Activity:
Please transcribe the data that follows exactly as given, leaving out every picture.

Data for analysis:
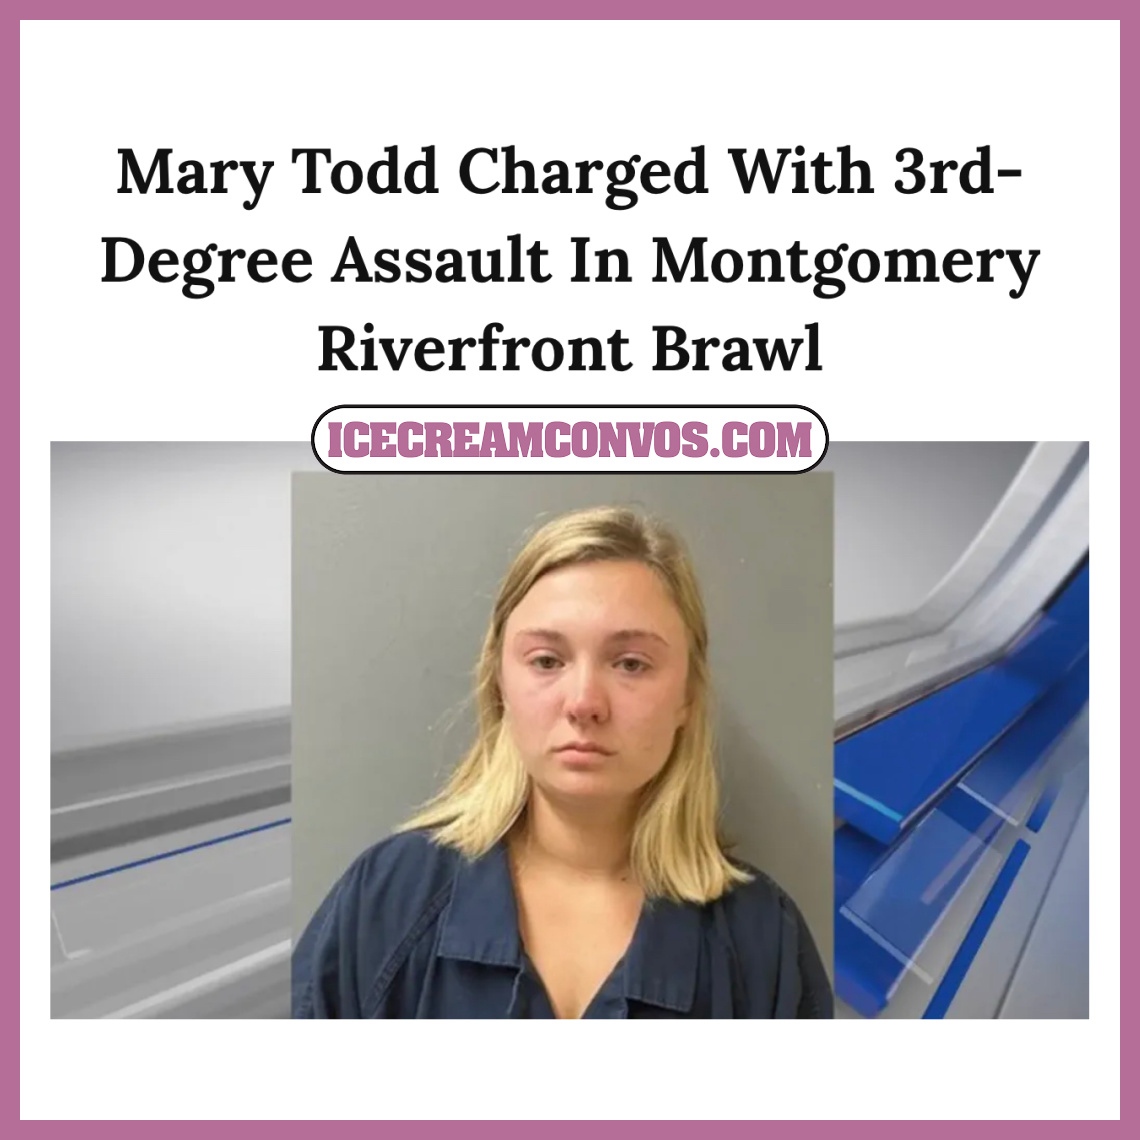 Mary Todd is the latest assailant to be charged with assault in connection to the Montgomery Riverfront brawl on Saturday, August 5. 🚨🍦

Get the scoop 👉🏾 bit.ly/44aruXD

#MaryTodd #Arrested #Montgomery #RiverfrontBrawl #RiverboatBrawl #IceCreamConvos
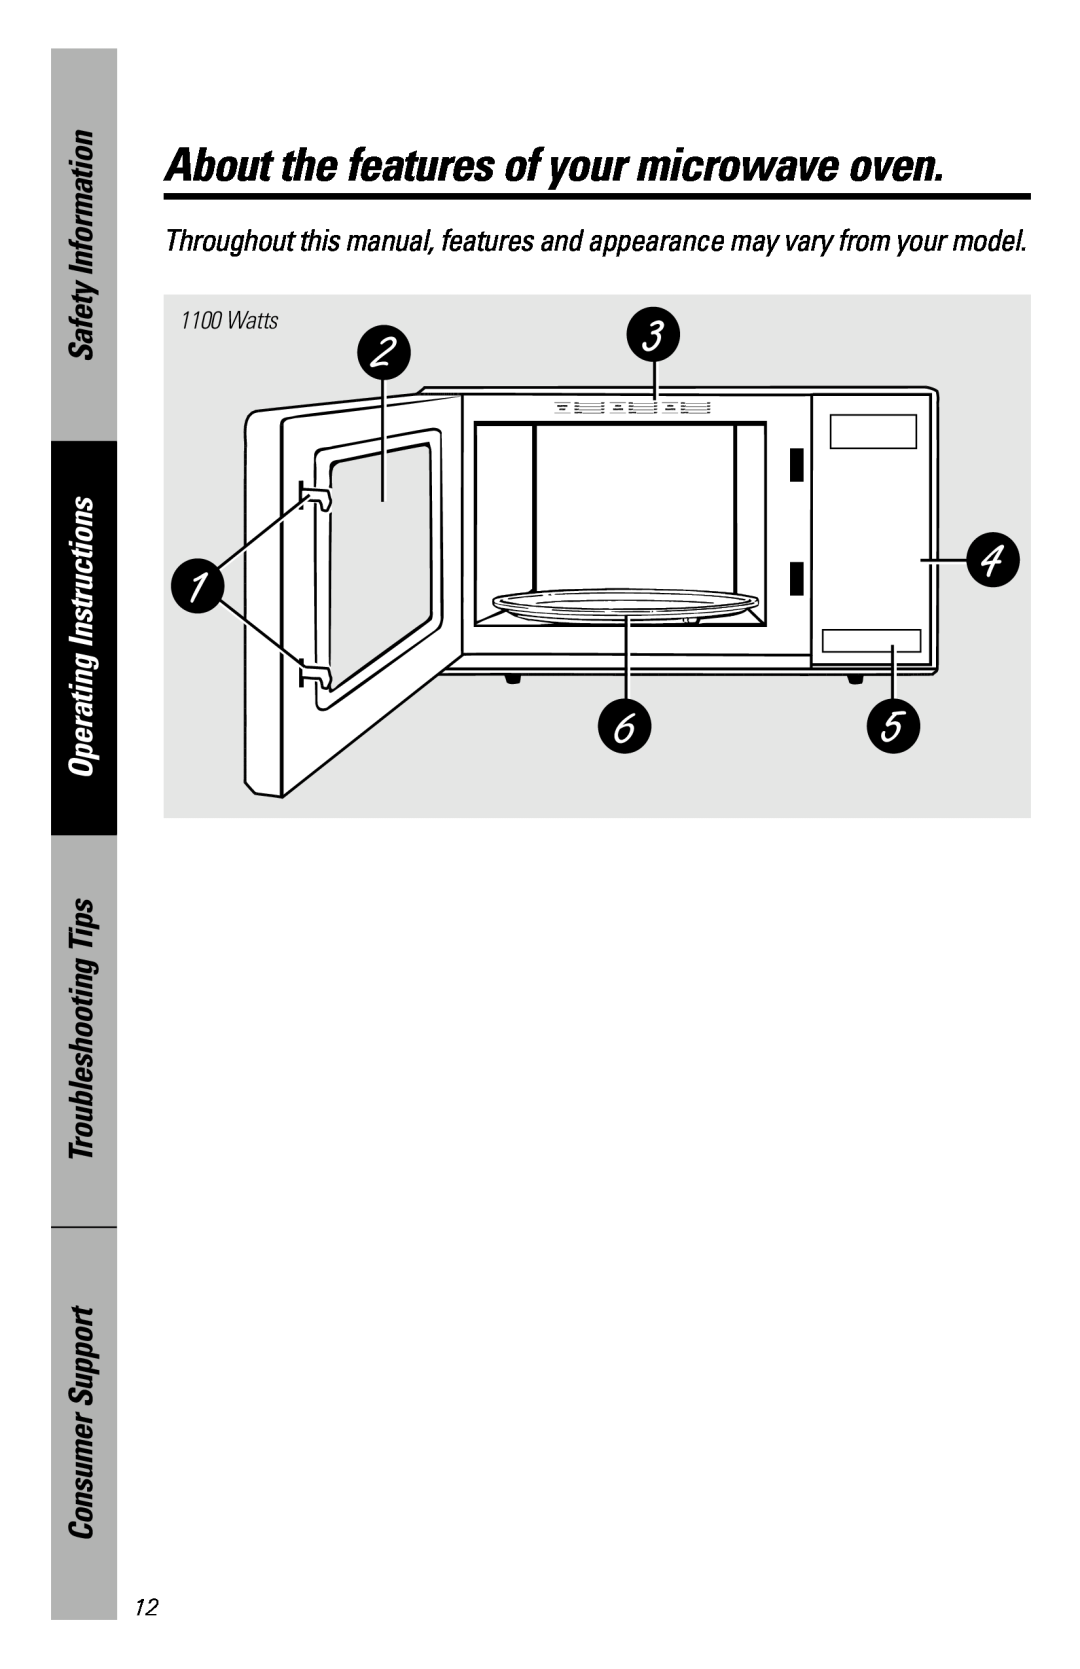 GE JES1246 owner manual About the features of your microwave oven, Safety Information, Operating Instructions 
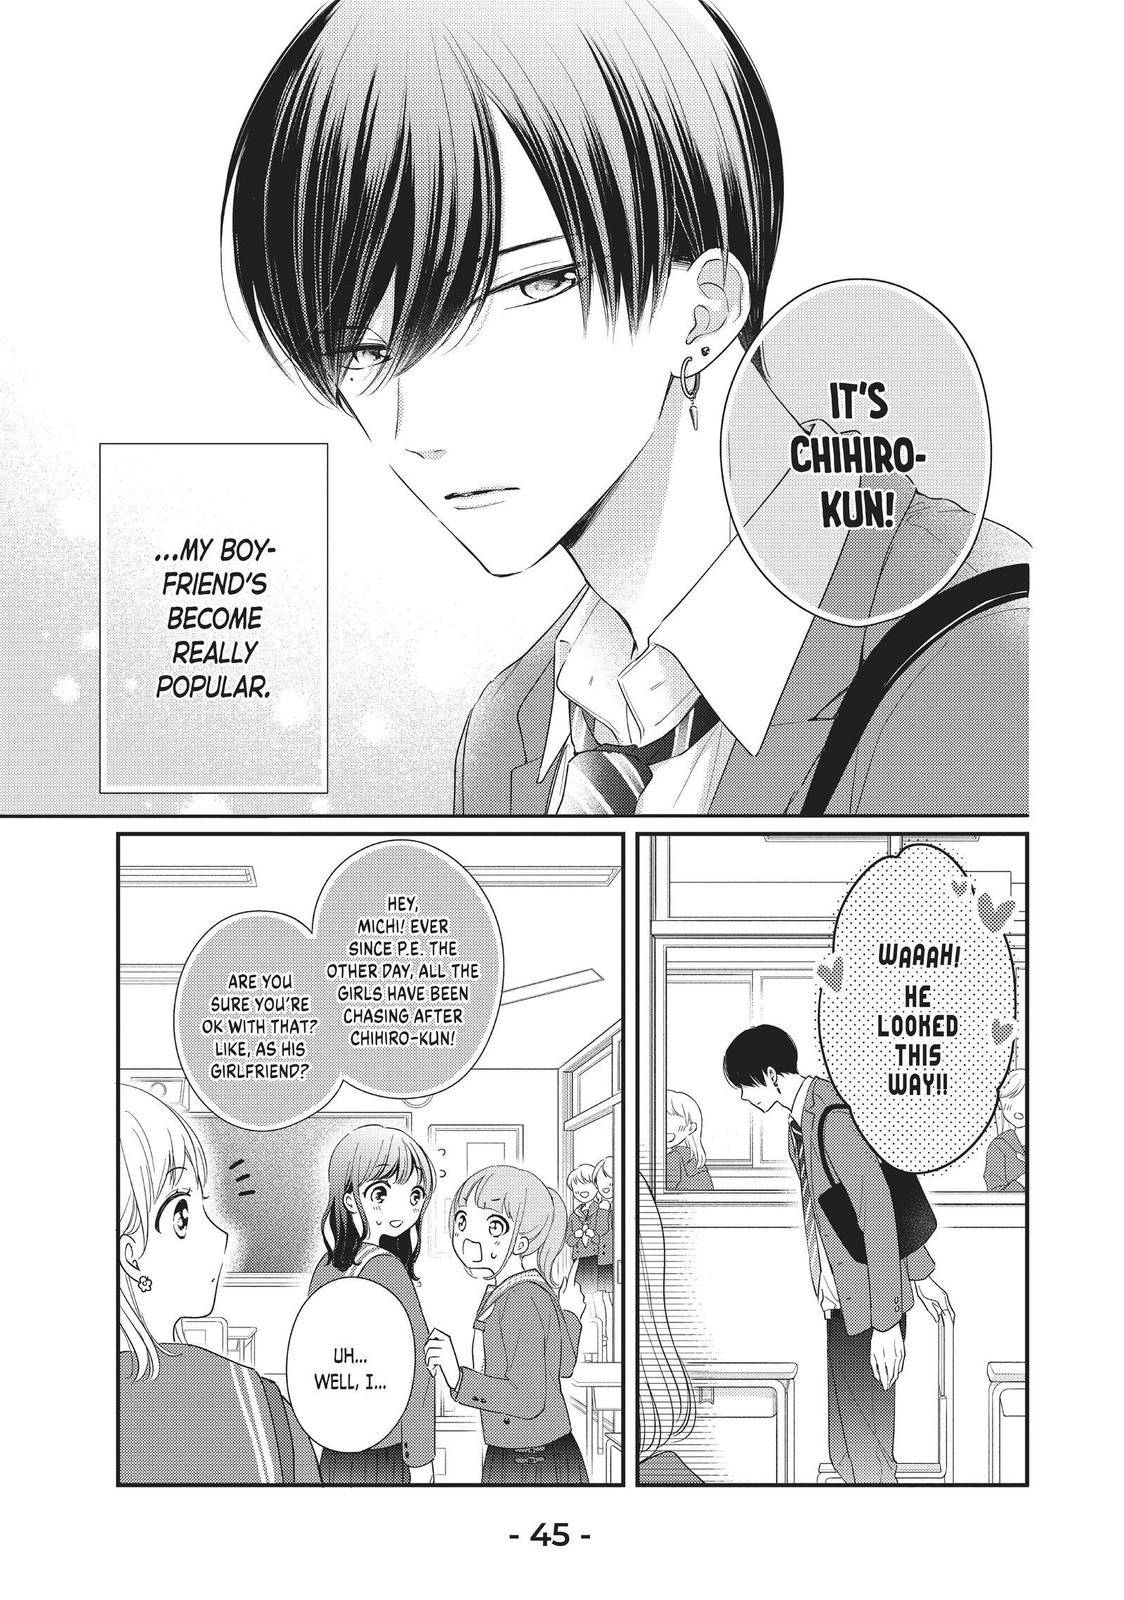 Chihiro-kun Only Has Eyes for Me - chapter 26 - #3

Result of this exercise:
 Mary Todd is the latest assailant to be charged with assault in connection to the Montgomery Riverfront brawl on Saturday, August 5. 🚨🍦

Get the scoop 👉🏾 bit.ly/44aruXD

#MaryTodd #Arrested #Montgomery #RiverfrontBrawl #RiverboatBrawl #IceCreamConvos
 GE JES1246 owner manual About the features of your microwave oven, Safety Information, Operating Instructions 
 Chihiro-kun Only Has Eyes for Me - chapter 26 - #3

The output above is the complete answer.